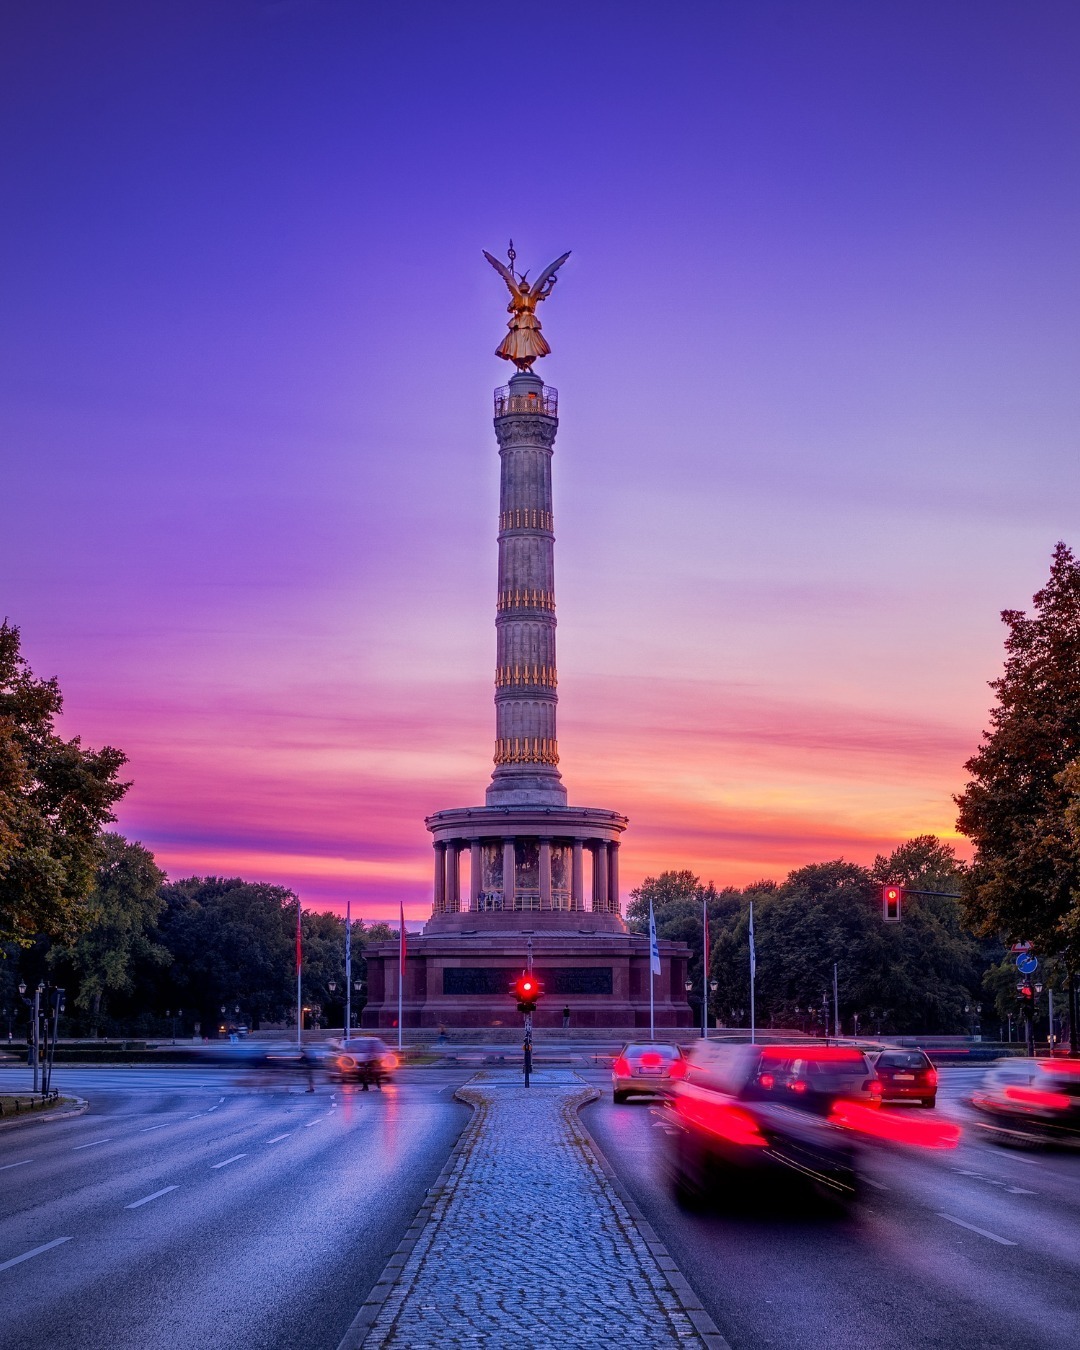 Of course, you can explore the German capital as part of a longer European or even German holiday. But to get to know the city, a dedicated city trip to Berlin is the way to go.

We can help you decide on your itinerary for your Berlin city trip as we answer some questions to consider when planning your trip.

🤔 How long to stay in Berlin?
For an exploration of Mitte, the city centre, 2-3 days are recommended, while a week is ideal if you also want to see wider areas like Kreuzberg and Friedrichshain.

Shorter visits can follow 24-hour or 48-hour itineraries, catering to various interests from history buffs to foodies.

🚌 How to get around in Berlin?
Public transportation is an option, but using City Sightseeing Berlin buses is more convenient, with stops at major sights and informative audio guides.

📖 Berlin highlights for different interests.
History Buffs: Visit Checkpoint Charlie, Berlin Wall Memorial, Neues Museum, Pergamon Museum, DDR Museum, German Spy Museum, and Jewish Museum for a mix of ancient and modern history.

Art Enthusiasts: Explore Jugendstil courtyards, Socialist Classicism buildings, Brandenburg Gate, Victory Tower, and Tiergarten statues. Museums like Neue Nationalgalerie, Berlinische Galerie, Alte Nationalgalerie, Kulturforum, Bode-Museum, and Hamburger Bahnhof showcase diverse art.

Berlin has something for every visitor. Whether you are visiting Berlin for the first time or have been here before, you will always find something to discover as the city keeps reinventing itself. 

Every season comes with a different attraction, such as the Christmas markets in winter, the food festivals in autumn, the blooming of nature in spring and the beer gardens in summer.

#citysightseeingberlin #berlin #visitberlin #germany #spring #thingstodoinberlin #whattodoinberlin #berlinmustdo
+ + + + +
> _TASK INSTRUCTIONS_: Once every line above has been checked for the string "different", give the number of matching lines and nothing more.

> _TASK ANSWER_: 2